SUMMARY OF THE INVENTION
Various aspects of the present invention are set out in the appended claims.
The present invention relates to the preparation of a catalytic coating for electrodes used, among other things, in alkali chloride brine electrolysis processes, such a coating is applied to a metal substrate, typically titanium, titanium alloy or other valve metal.
More specifically, the present invention consists in the application on a metal substrate of a formulation based on ruthenium, tin, titanium and one or more elements selected from the group consisting of niobium, tantalum and tungsten; a formulation thus obtained leads to reach excellent performances in terms of catalytic activity for the reaction of chlorine even with low quantities of noble metal.
The increase of noble metals prices has indeed led to a continuous effort to reduce their loading in catalytic coatings and the field of alkali chloride brine electrolysis is no exception.
In a first aspect, the invention relates to an electrode for gas evolution in electrolytic processes comprising a metal substrate and a catalytic coating containing 10-20% tin, 25-45% ruthenium, 20-40% titanium, and 10-20% of one or more elements selected from the group consisting of niobium, tantalum, tungsten in the form of metals or their oxides
in percentage by weight referred to the elements. It is evident that the person skilled in the art will select the molar percentages of the single elements in such a way that the total sum of the molar percentages of the components is 100.
The inventors have observed that such catalytic coating formulation allows the application of a lower amount of ruthenium without compromising its diffusion on the metal substrate, on the contrary allowing its uniform distribution.
In a further embodiment said one or more elements selected from the group consisting of niobium, tantalum, tungsten is tantalum.
In one embodiment, the titanium of the catalytic coating is present as an oxide in the rutile form.
The inventors have observed that the presence of tantalum and/or its oxides, even in small amounts, allows the resulting titanium oxide to be organized in the rutile form, further allowing to obtain a homogeneous solid solution of rutile.
It has in fact been observed that electrodes of the prior art with coatings comprising ruthenium, tin and titanium often show, in the analysis of the crystalline structure, an anatase peak for the titanium oxide, which affects their performance in terms of duration.
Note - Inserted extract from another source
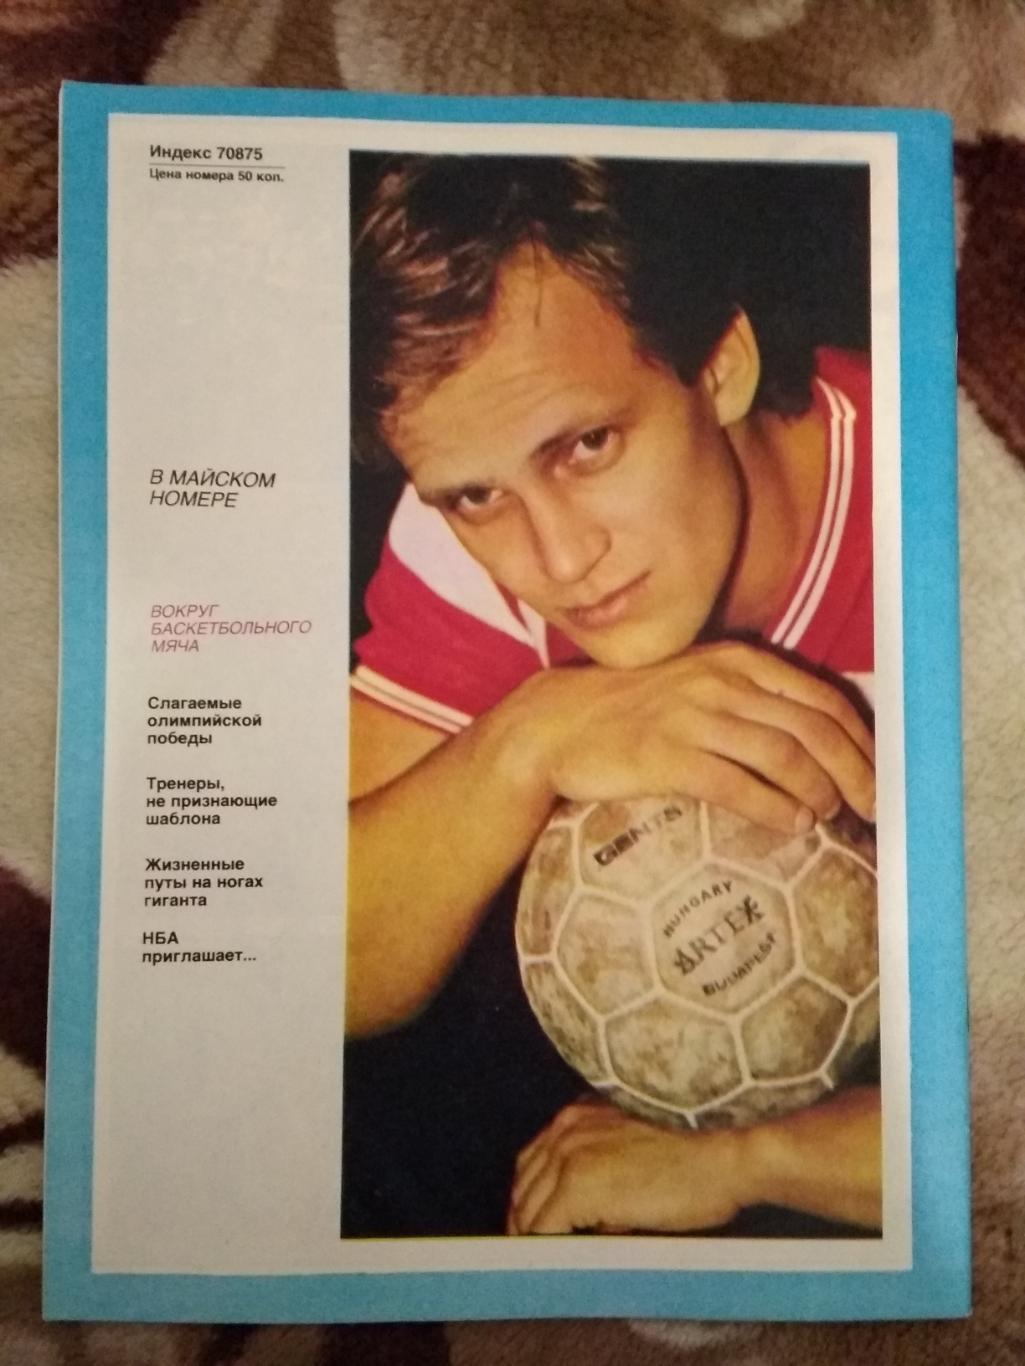 Журнал.Спортивные игры № 4 1989 г. 1

When this occurs, further heat treatment is required to allow a better organization of the oxide material.
According to the present invention, the metal substrate may be any metal suitable for use as an electrode support for electrochemical processes. In particular, as a metal substrate
for an anode to be used in chlor-alkali electrolysis processes. In this case the most commonly used metal substrates can be chosen between titanium and titanium alloy.
In a further embodiment, the catalytic coating has a specific ruthenium load comprised between 2.2 and 9 g/m2.
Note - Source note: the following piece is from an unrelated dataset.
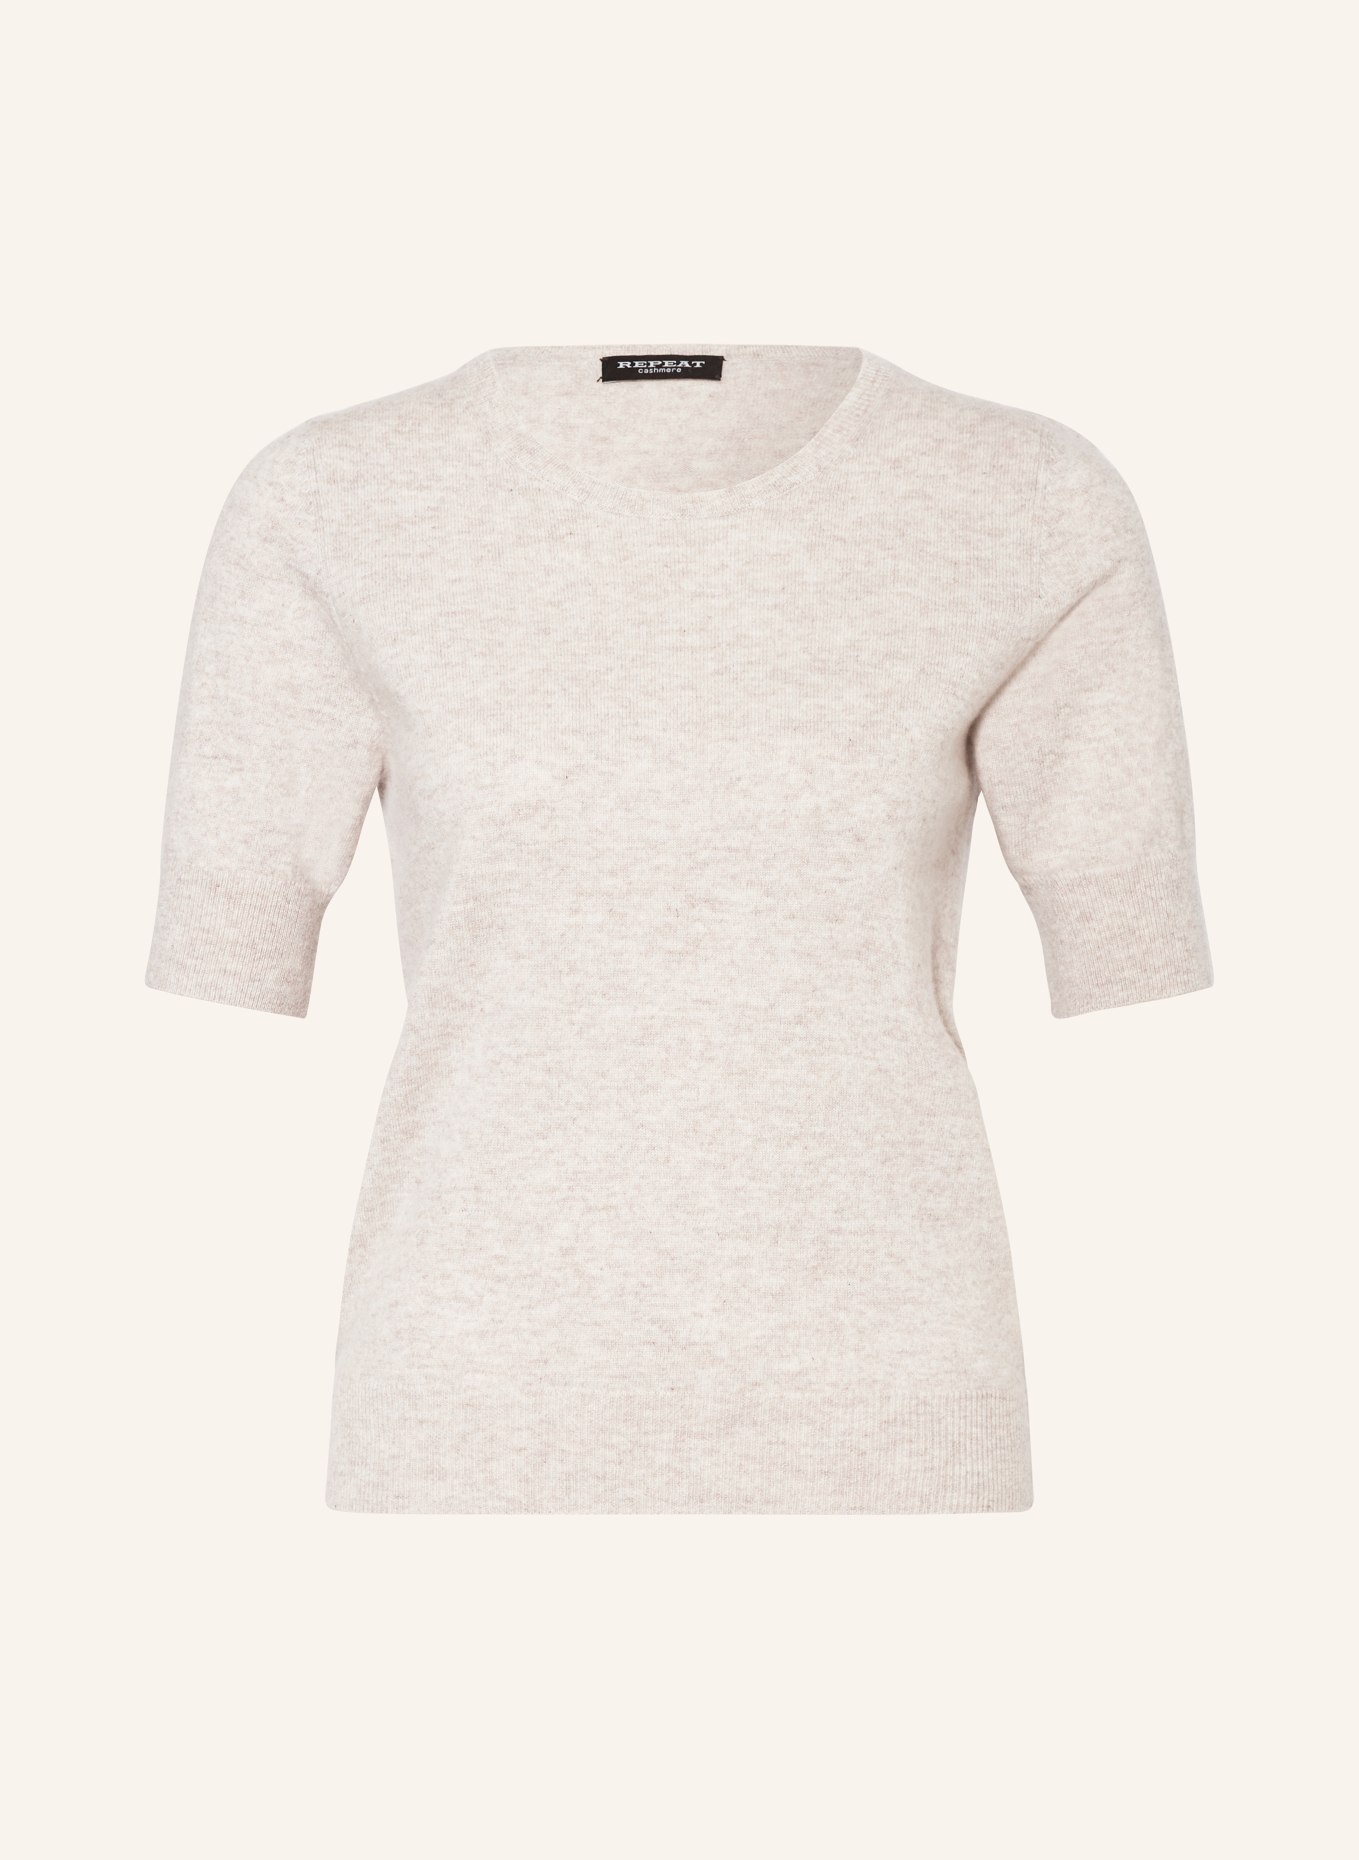 REPEAT Strickshirt aus Cashmere, Farbe: BEIGE (Bild 1)

In a further aspect, the present invention relates to an electrode comprising a metal substrate and a catalytic coating wherein said catalytic coating is obtained by thermal decomposition of a solution of tin, ruthenium, titanium, and one or more selected elements in the group consisting of niobium, tantalum and tungsten. Said solution containing 10- 20% of tin, 25-45% of ruthenium, 20-40% of titanium, and 10-20% of one or more elements selected from the group consisting of niobium, tantalum, tungsten in percentage by weight referred to the elements.
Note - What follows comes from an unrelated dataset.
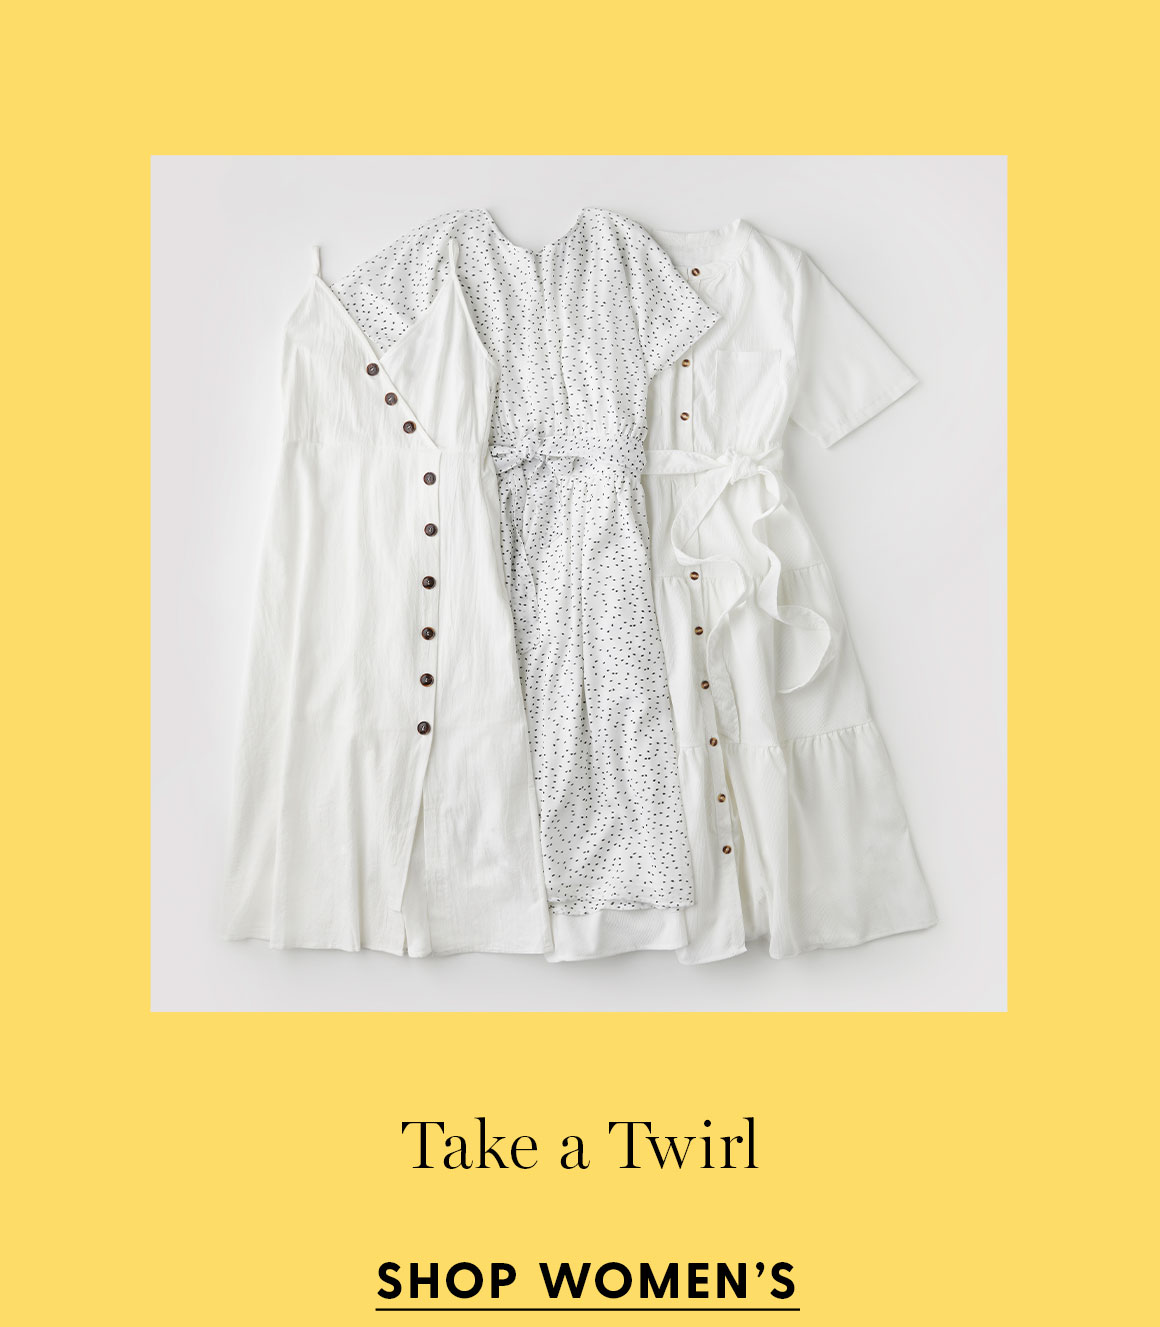 Take a Twirl. Shop women's.

In a further aspect, the present invention relates to an electrode comprising a metal substrate and a catalytic coating wherein said catalytic coating is obtained by thermal decomposition of a solution of tin, ruthenium, titanium, wherein said one or more elements chosen from the group consisting of niobium, tantalum and tungsten is tantalum. Said solution containing 10-20% of tin, 25-45% of ruthenium and 20-40% of titanium, and 10- 20% of tantalum in percentage by weight referred to the elements.
In a further aspect, the present invention relates to an electrode comprising a metal substrate and a catalytic coating wherein said catalytic coating is obtained by thermal decomposition of a solution of tin, ruthenium, titanium, wherein said one or more elements chosen from the group consisting of niobium, tantalum and tungsten is niobium. Said solution containing 10-20% of tin, 25-45% of ruthenium and 20-40% of titanium, and 10- 20% of niobium in percentage by weight referred to the elements.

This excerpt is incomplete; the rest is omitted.